Rats! The checksum filed is not coming through correctly. I am not sure what to do about that except to go back to your approach.

I will leave this open for a while in case other ideas emerge.

bill-orange commented 5 years ago

@TD-er I tried your suggestion or at least my interpretation of it.

static void smartDelay(unsigned long ms)
{
  char inbyte;
  unsigned long start = millis();
  do
  {
    while (ss.available())
      inbyte = ss.read();
      gps.encode(inbyte);
  } while (millis() - start < ms);
}

Even without sending any data to another serial port this just generates garbage. Suggestions? I am still hoping for another approach. perhaps adding some sort of debug print to the tinygpsplus library.

TD-er commented 5 years ago

You don't check for the result of the encode function. It will only return true when a complete NMEA sentence has been parsed. So you should keep track of it and return when done with the line. Also you are missing a scope for the inner while.

static void smartDelay(unsigned long ms)
{
  char inbyte;
  unsigned long start = millis();
  while (ss.available()) 
  {
    inbyte = ss.read();
    if (gps.encode(inbyte))
    {
      // Do stuff with your collected string data (collected where?)
      return;
    }
    if (millis() - start >= ms)  return;
  }
}

Also I think it would be nice to return whether you were successful in parsing a line. And I always find it a bit tricky to do these calculations to see whether the timeout has been reached. Quite often they are wrong (thus wait for 49 days in some situations), but in this case the ss.available() will run out so it will not be that bad I guess.
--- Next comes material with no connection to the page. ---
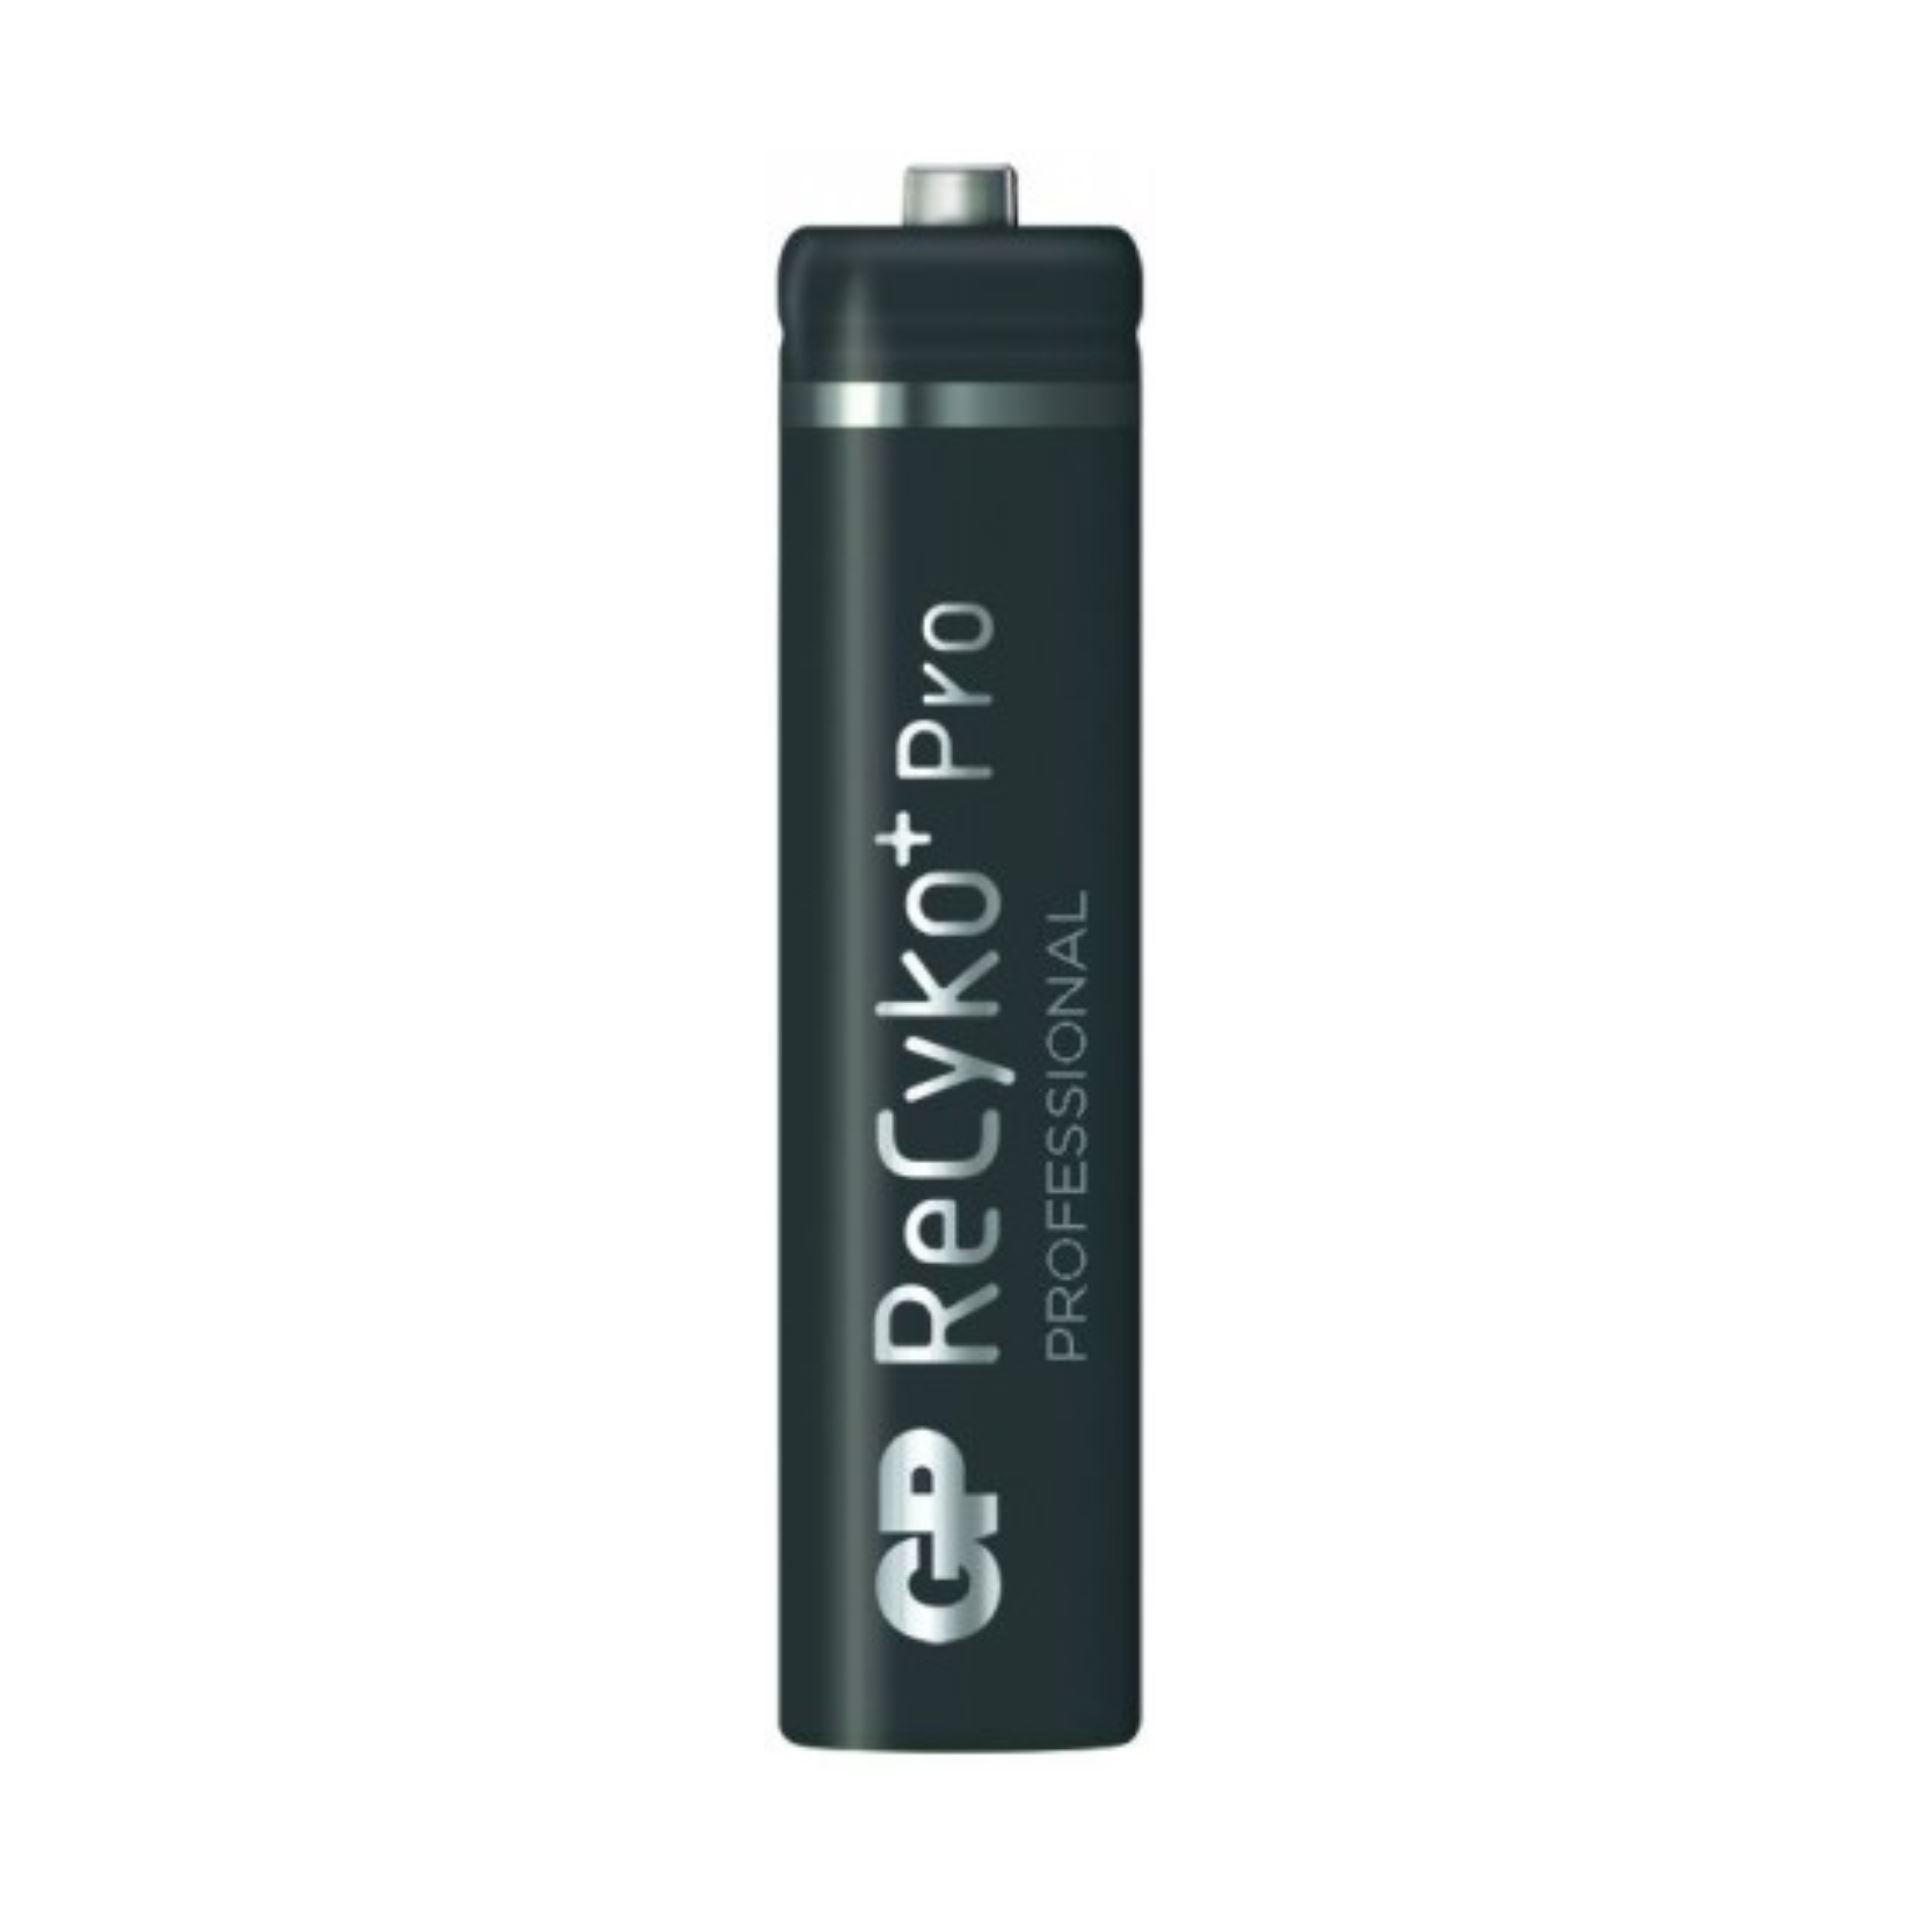 Baterija polnilna AA-2000 mAh Ni-Mh  GP ReCyko+ Pro 2 kom

bill-orange commented 5 years ago

@TD-er YES, that does the trick! I had to make some other changes. Calls to smartDelay need to be smartDelay(10); , any long and FTP doesn't work and any shorter and I get garbled strings.

I also upped the clock speed on the EPS8266 to 160 from 80. This accomplishes what I was after. The Terminal Node Controller (TNC, a ham radio modem) receives only GGA strings, only when there is is good data and only when the user turns it on. If a few bad packets get through it not the end of the world. The receiving station will reject them.

static void smartDelay(unsigned long ms)
{
  char inbyte;
  unsigned long start = millis();
  while (ss.available()) 
  {
    inbyte = ss.read();
    currentSentence += inbyte;
    if (gps.encode(inbyte))
    {
      lastSentence = currentSentence;
      if (lastSentence.indexOf("GPGGA")>=0 && lastSentence.length()<=86 && gps.location.isValid()&& TNCwrite) {
        Serial.print (lastSentence);
      }
      currentSentence = "";
      return;
    }
    if (millis() - start >= ms)  return;
  }
}
bill-orange commented 5 years ago

If any Hams need my code, let me know. It will be used for APRS tracks.